What is being asked: Below are records with pictures in them. Output exactly the lines from the one with "Amber Romance Room" through the one with "Young woman modeling", both included, and leave every picture out; give only those lines.

Task input:
============================================================

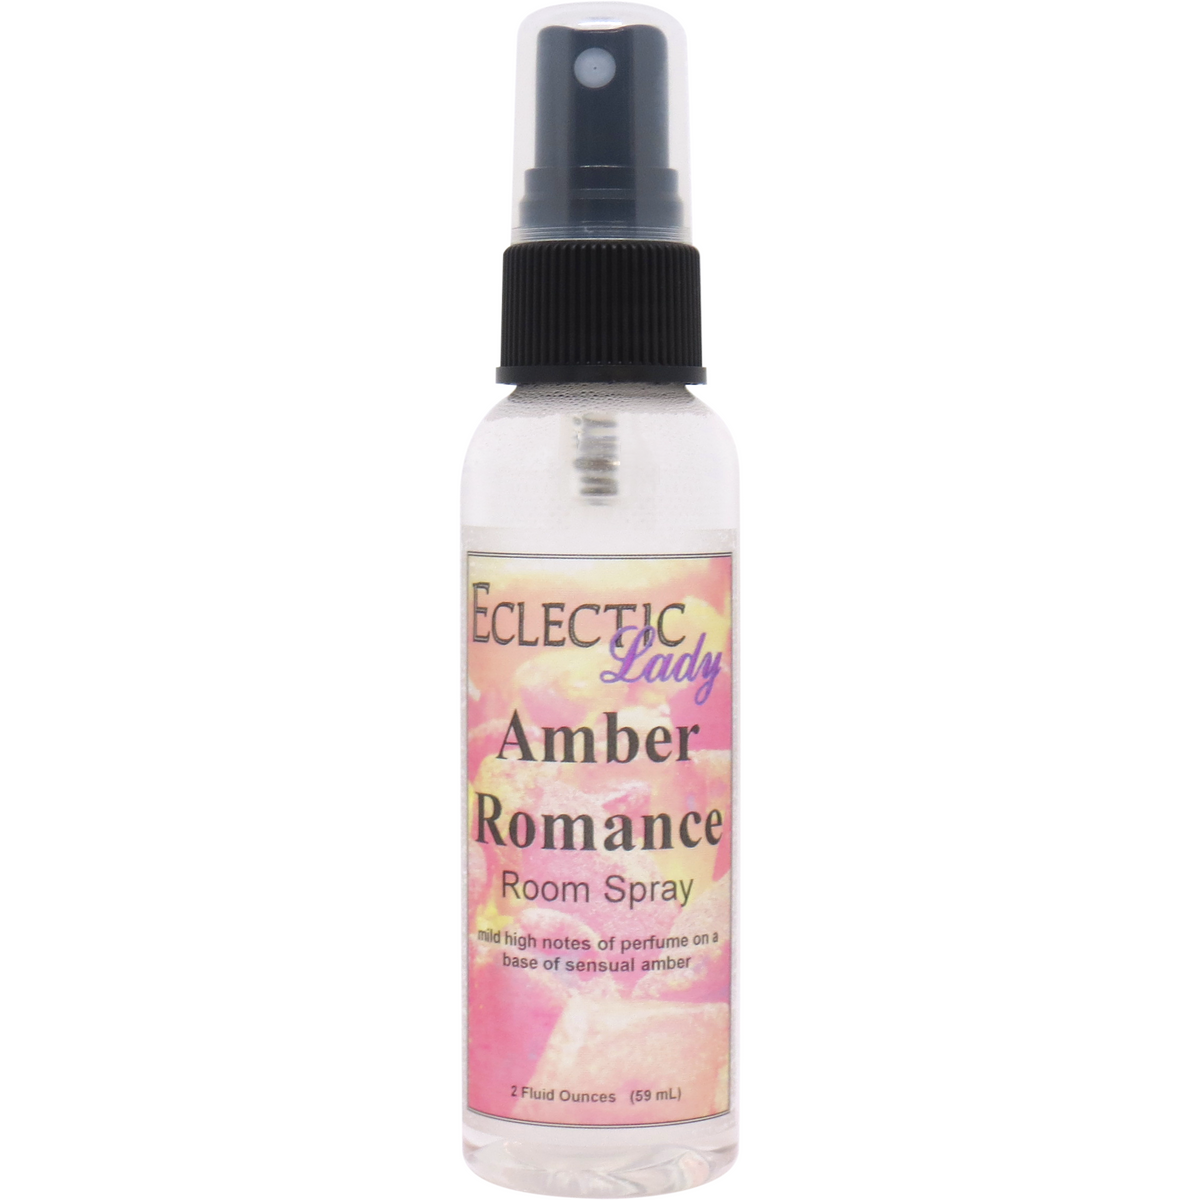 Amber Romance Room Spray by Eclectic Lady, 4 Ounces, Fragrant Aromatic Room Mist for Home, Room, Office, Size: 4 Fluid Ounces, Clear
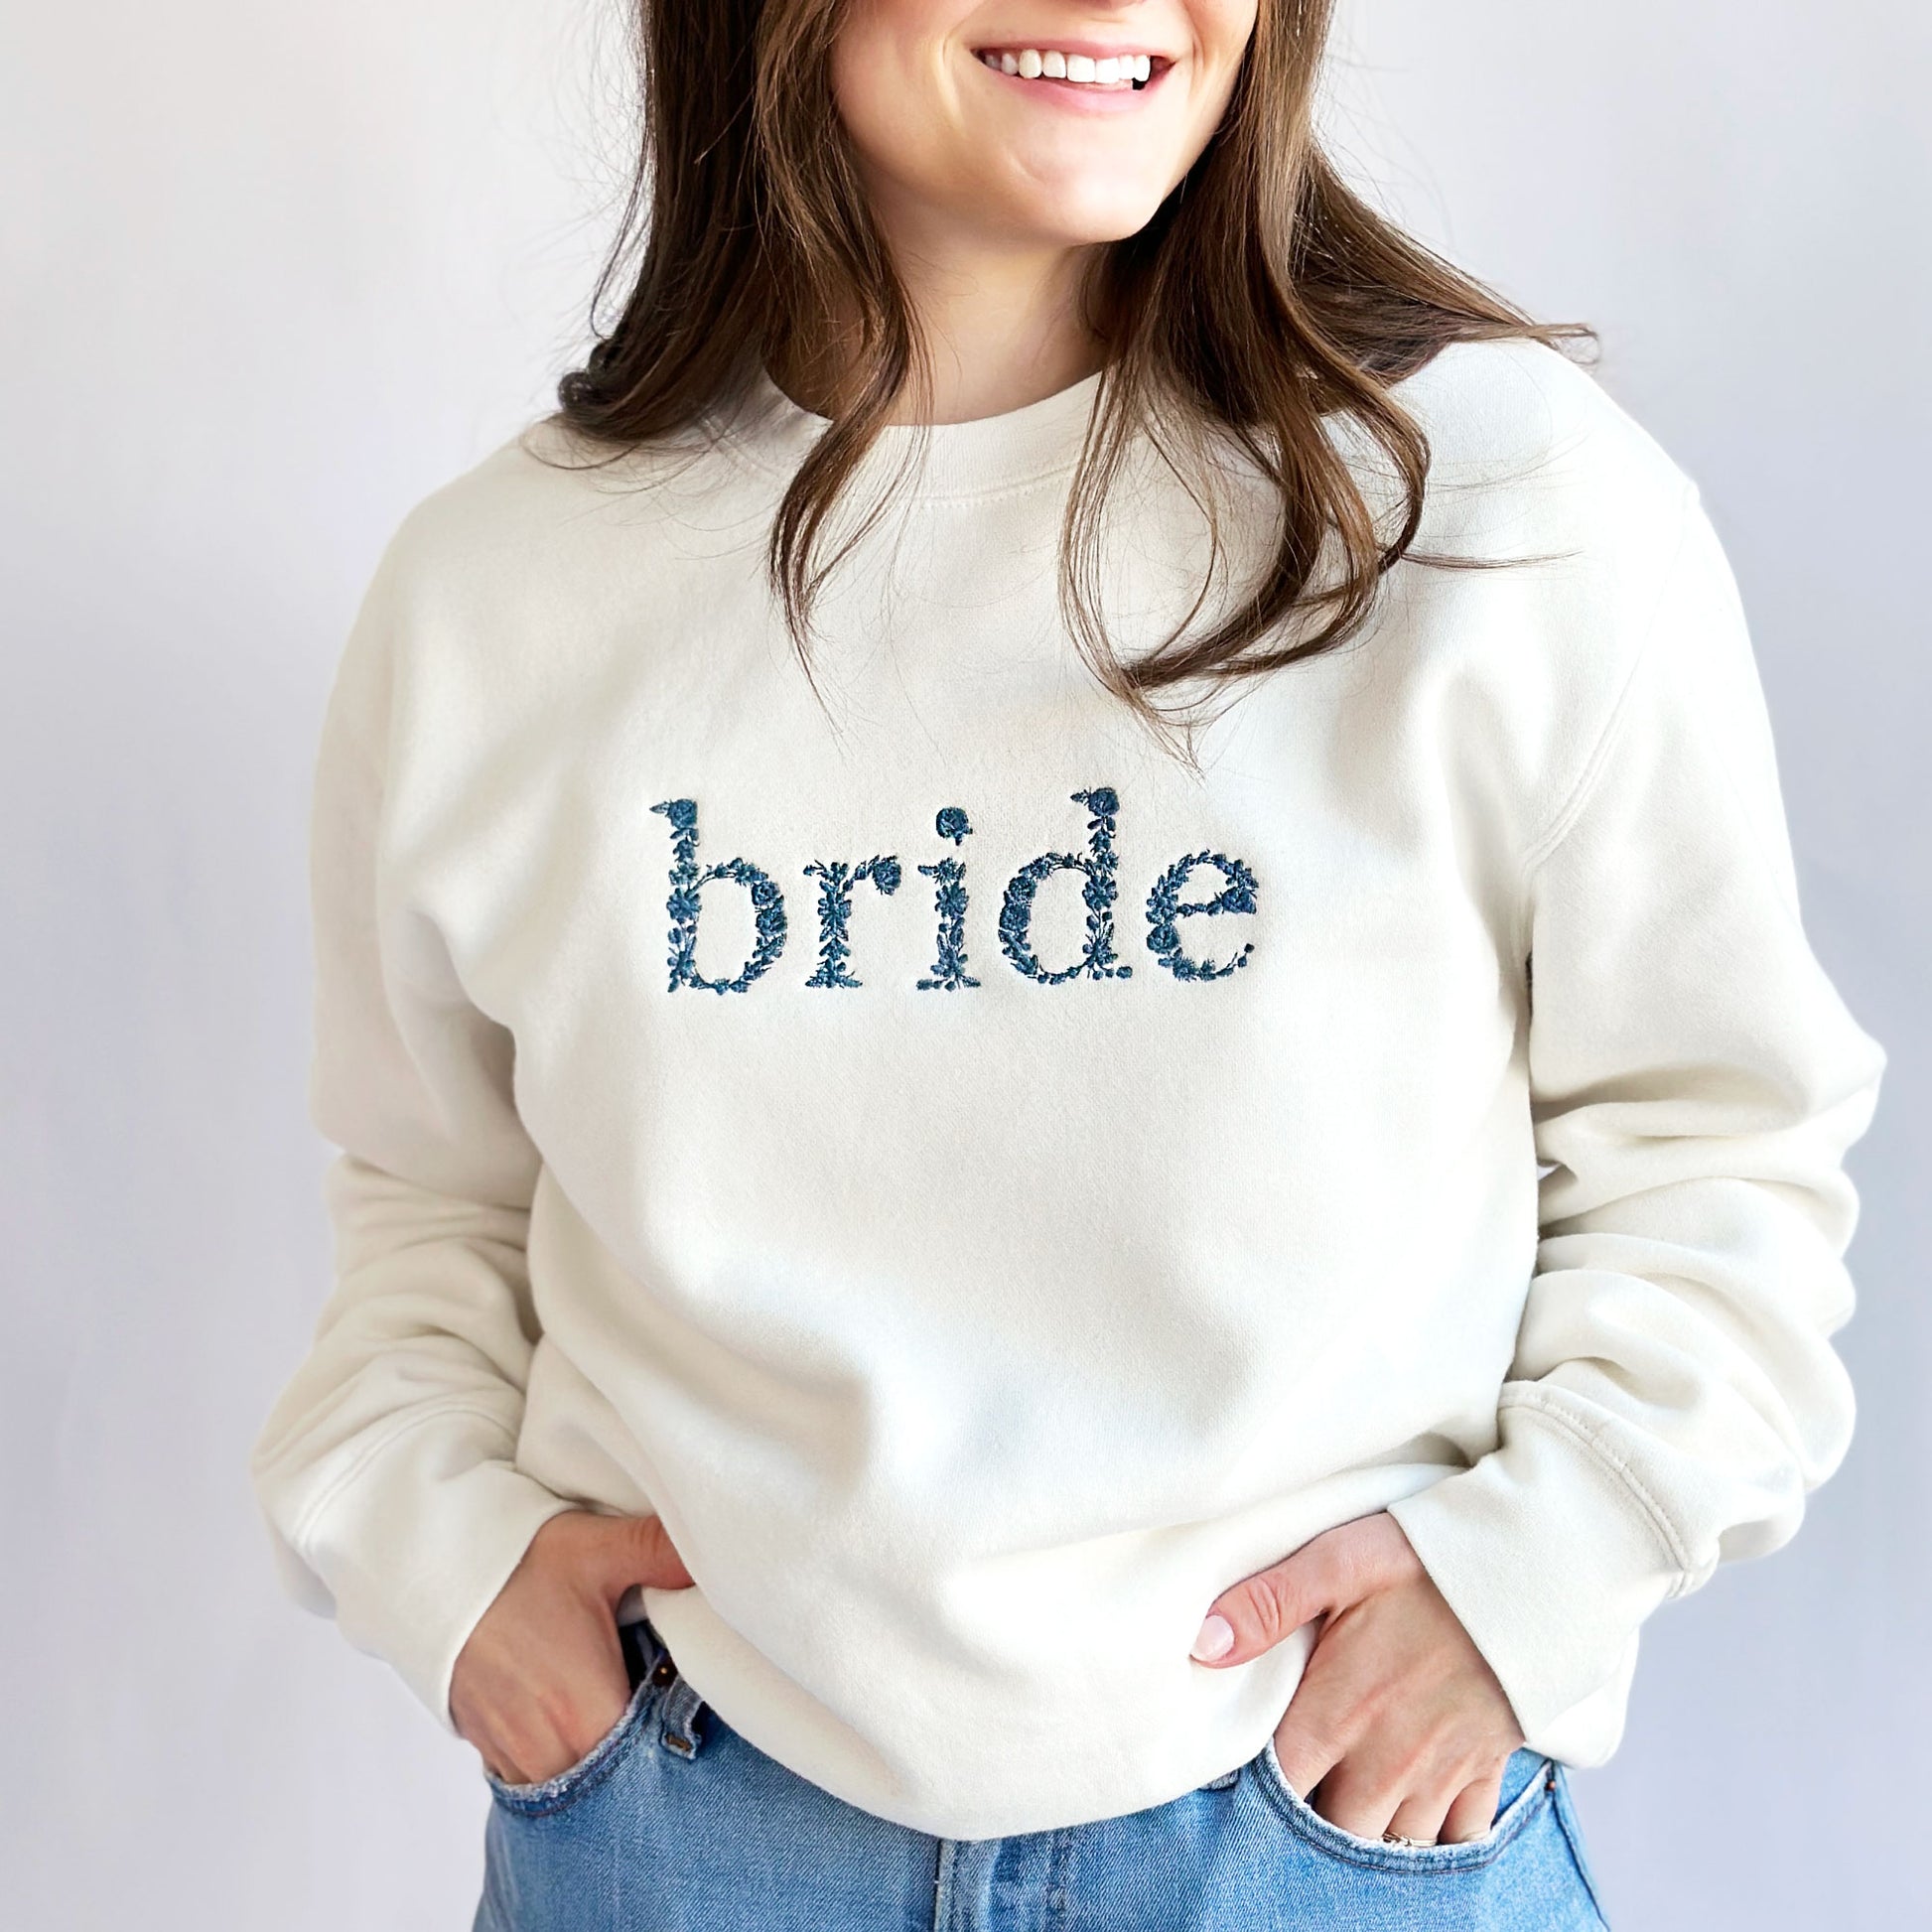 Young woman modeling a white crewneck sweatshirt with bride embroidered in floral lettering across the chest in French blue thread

============================================================

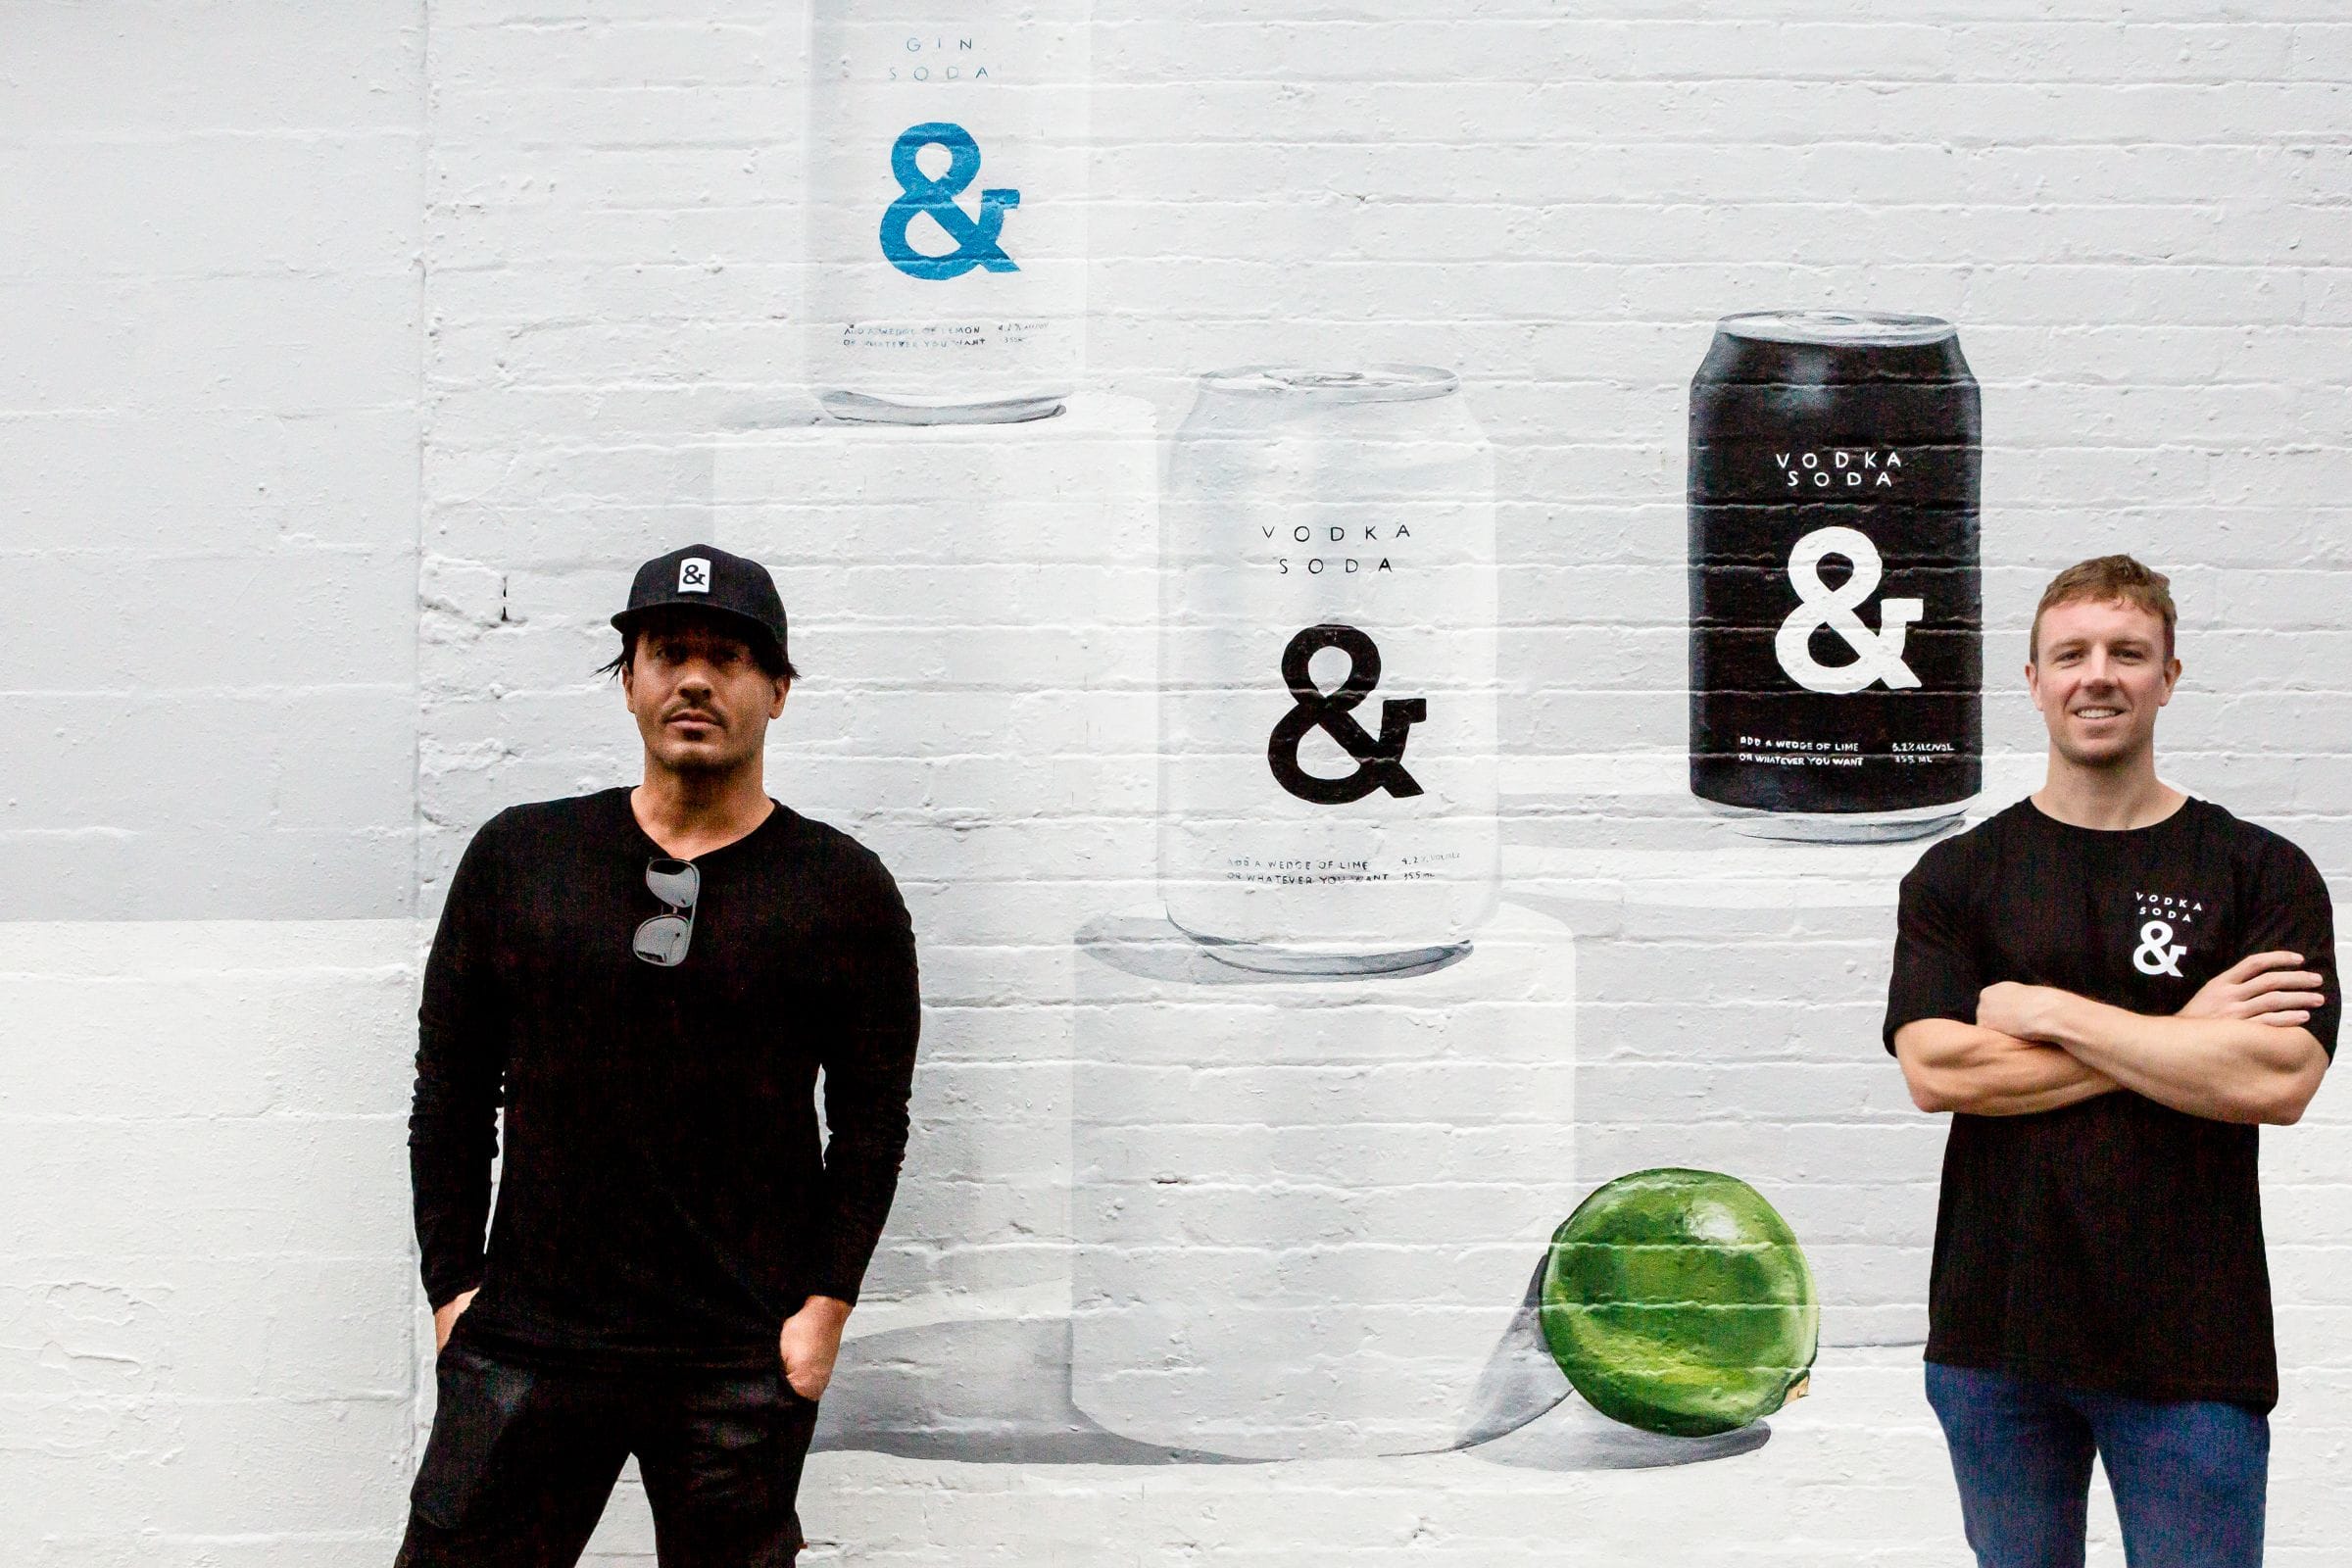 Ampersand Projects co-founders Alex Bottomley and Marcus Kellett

============================================================

Response area:
 Amber Romance Room Spray by Eclectic Lady, 4 Ounces, Fragrant Aromatic Room Mist for Home, Room, Office, Size: 4 Fluid Ounces, Clear
 Young woman modeling a white crewneck sweatshirt with bride embroidered in floral lettering across the chest in French blue thread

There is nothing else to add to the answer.